Cultured lung cells: effects of isotopic dilution and some undefined stimulation on the incorporation of radiolabeled palmitate and choline into phosphatidyl choline (lecithin).

Abstract Using radiolabels, we studied the effect of certain experimental conditions on the incorporation of choline and palmitate into phosphatidyl choline (lecithin) of cloned type II rat lung cells. When the label was changed from methyl-3H to 1,2-14C the incorporation of choline was reduced to 1/3; in contrast, when the label was moved from 1-14C to 9,10-3H, the incorporation of free palmitate was more than doubled. Removal of choline from the culture medium caused trebling of choline incorporation and appreciable decrease in palmitate uptake, indicating respectively an expected effect of increased choline label concentration in the absence of carrier, and a marked dependence of palmitate on choline incorporation. Removal of fetal calf serum produced more than 2/3 decrease in palmitate incorporation (instead of an expected increase because of palmitate isotope concentration), whereas choline uptake was not affected, meaning respectively that either serum hormones or serum lipids, or both simultaneously, are important for palmitate but not for choline incorporation.
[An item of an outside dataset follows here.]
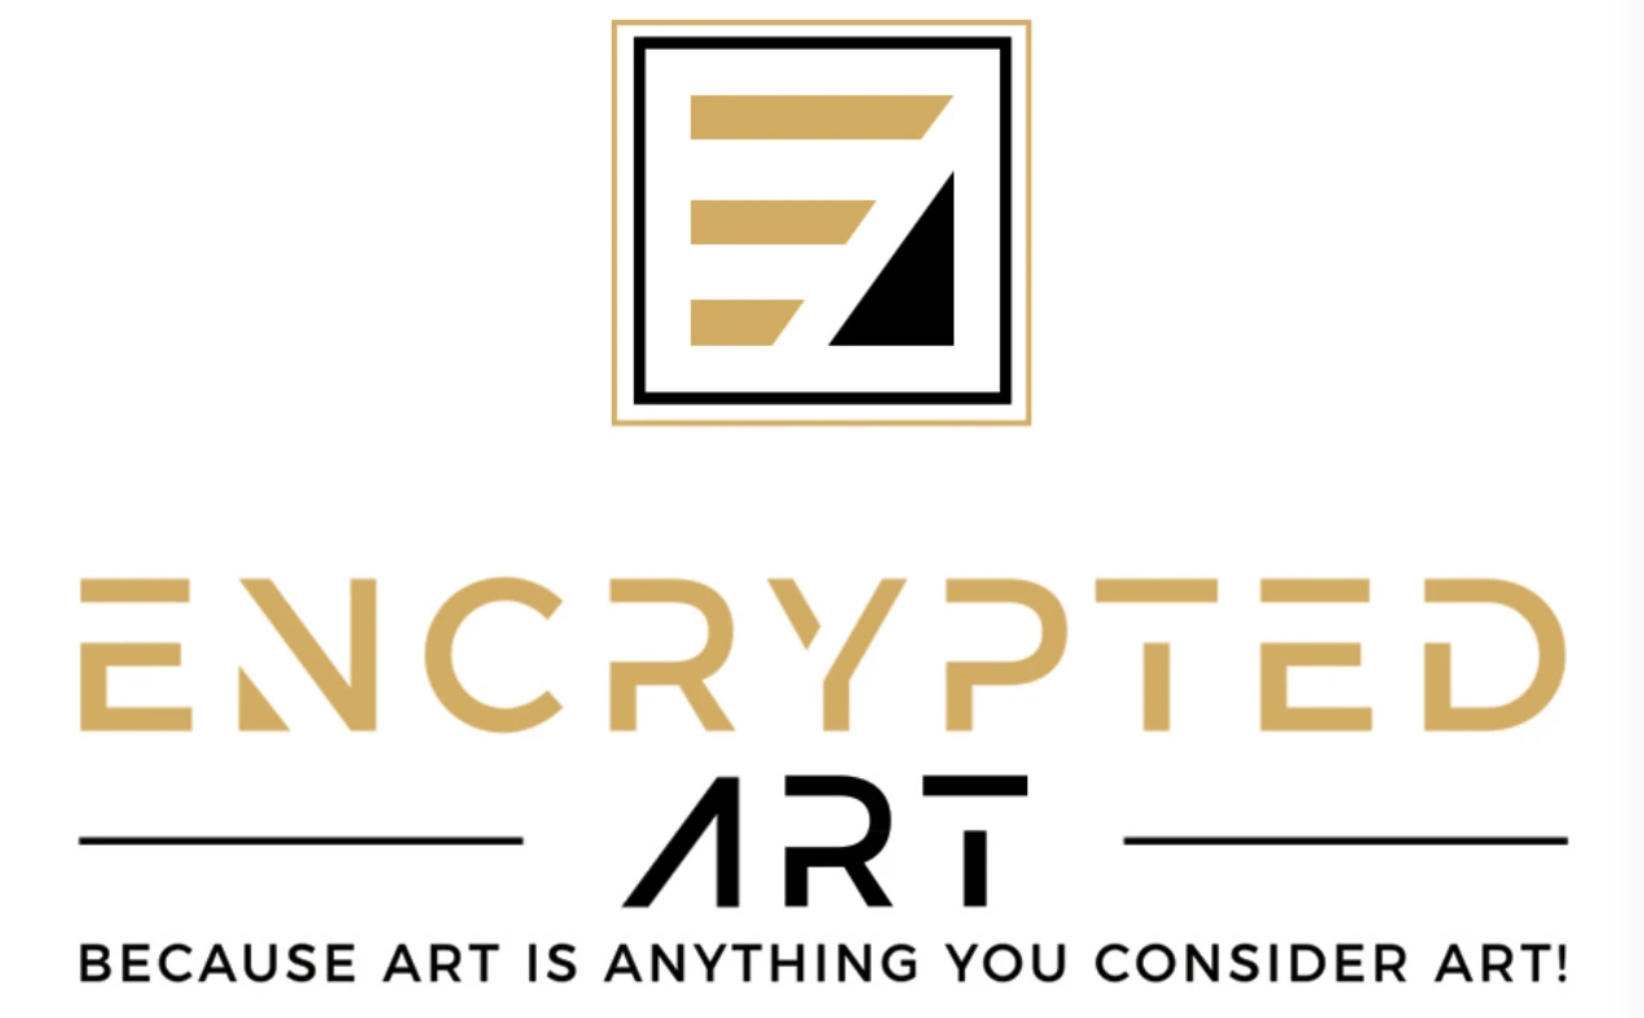 The winning logo for a digital frame brand

This is only the beginning of a host of studies required to clarify the role of fetal calf serum constituents onto lecithin biosynthesis in cultured lung cells and finally gain a full appreciation of the biosynthetic pathways of phosphatidyl choline (“surfactant”) in type II cells of alveolar epithelium.
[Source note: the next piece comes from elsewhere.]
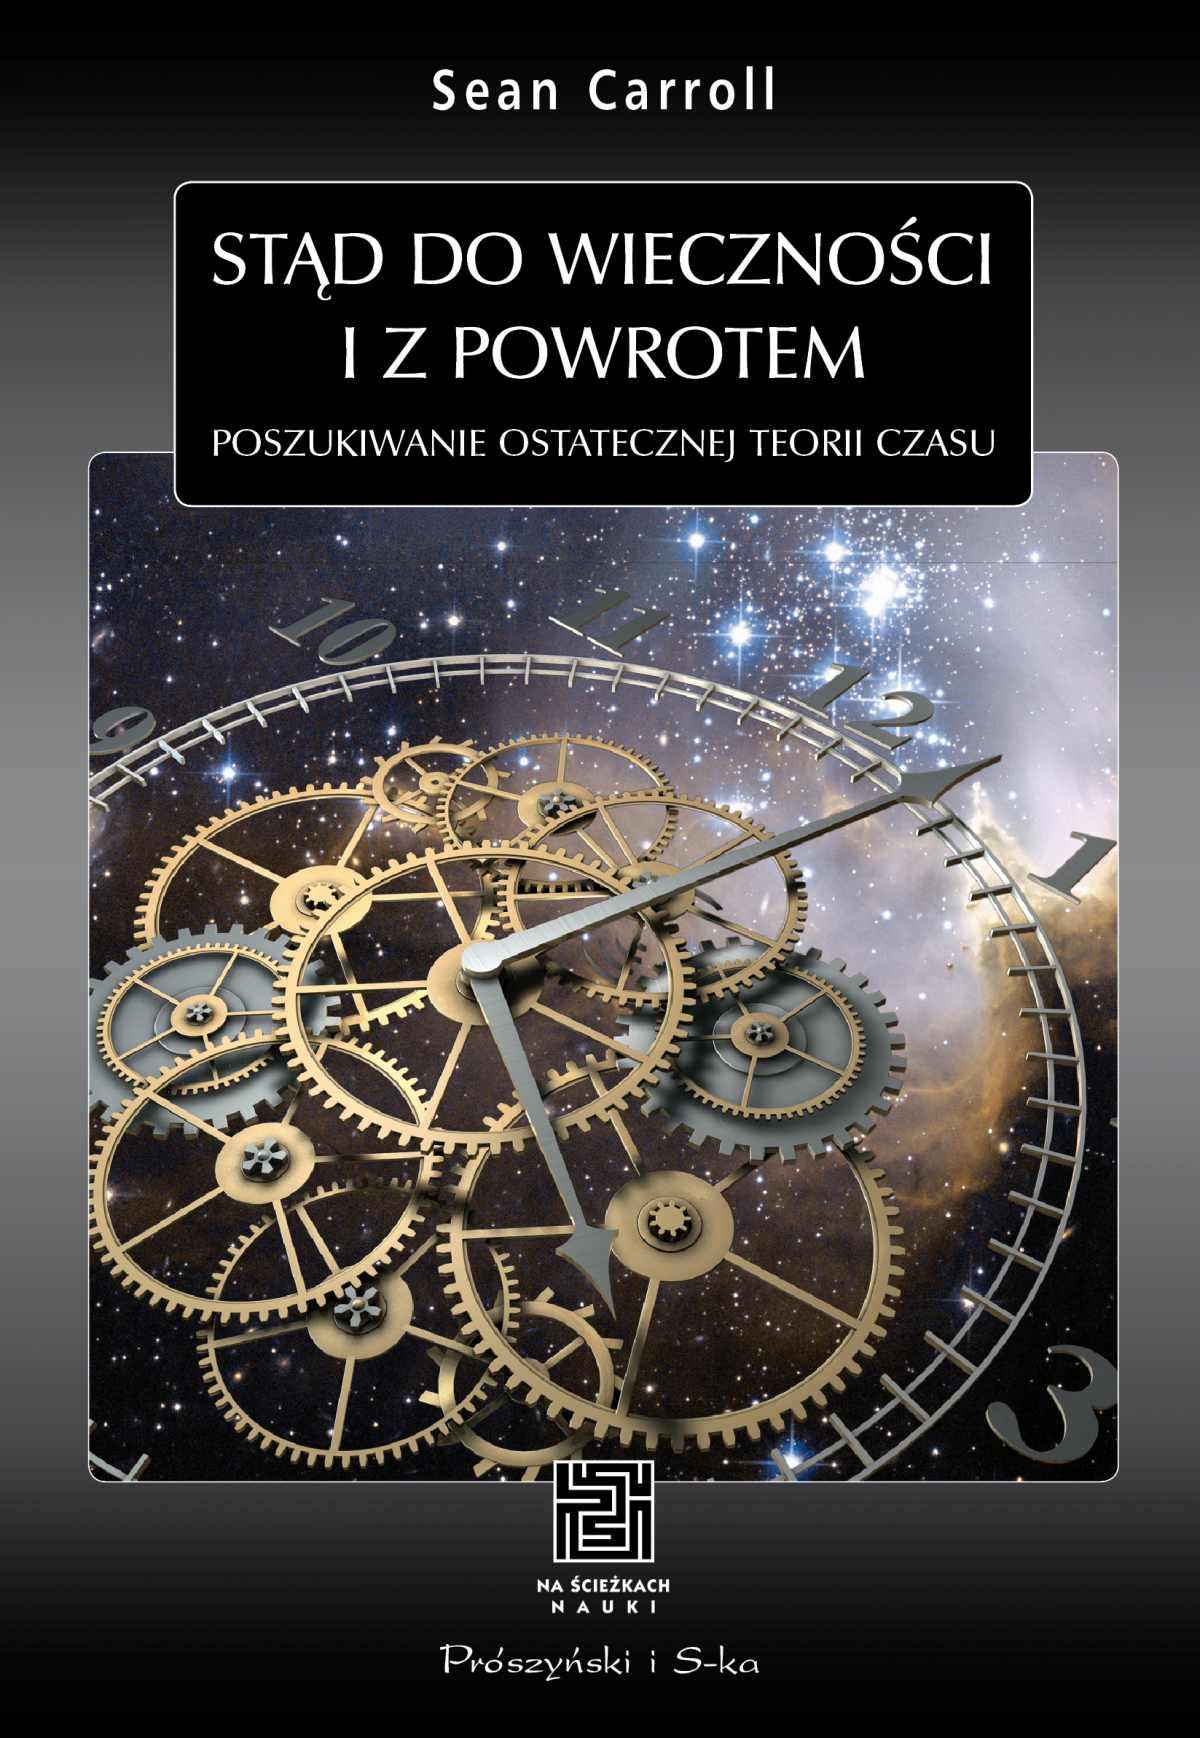 Stąd do wieczności i z powrotem. Poszukiwanie ostatecznej teorii czasu - Ebook (Książka EPUB) do pobrania w formacie EPUB

Cultured Lung Cells: Interplay Effects of Beta-Mimetics, Prostaglandins and Corticosteroids in the Biosynthesis of Dipalmitoyl Lecithin

Abstract Cell lines derived from type II lung cells were used to study interplays of substances affecting incorporation of labeled precursors [1-14C] palmitate and [methyl-3H] choline into phosphatidyl choline. Ethanol stimulated markedly biosynthesis of dipalmitoyl phosphatidyl choline in cloned rabbit lung cells; the stimulating action of ethanol was reduced very much by cortisol and less by ritodrine. In the presence of 0.1 μᴍ isoproterenol, two prostaglandins, E2 and F2a, caused marked depressions in the incorporation of both precursors by cell line A 549 derived from human lung adenocarcinoma. One concluded that among the agents studied, ethanol and cortisol are potent antagonists, and so were also the prostaglandins and isoproterenol.

Surface behavior of prostaglandins (PGs)

Abstract This study establishes some correlations between molecular structure and surface function of six prostaglandins in a model membrane system. Using spread films at the air/water interface, we determined surface pressure and surface potential of PGs A1, A2, E1, E2, F1α and F2α. All the PGs formed films with low pressure (0 to 9 dyne/cm) and relatively low surface potentials (ΔV = 10 to 250 mV). On 0.15 M NaCl, the π and ΔV values were in the order E1 > F1α > A1 > F1α > A1 > F2α = A2 > E2 and F1α > E1 > A1 > A2 > F2α > E2 respectively. Clearly, the cis unsaturation in the carboxylic chain of the PG2 series conferred greater instability to the films, as indicated by the lowest π and ΔV values. Also, members of the PG1 series penetrated films of dipalmitoyl phosphatidyl choline (DPPC) better than PG2 did, the ablest being E1 (Δπ = 12 dyne/cm) and the poorest F2α (Δπ = 2 dyne/cm); penetration of E1 and F2α was independent of the initial pressure (πi) of the DPPC film, whereas with A1 and F1α Δπ decreased as πi increased. The PGs expressed marked discriminating capacities for the electrolyte, as indicated by differences in their π and ΔV responses to Na+ and Ca++ as well as for the lipid, as indicated by different penetration (Δπ values) into DPPC films.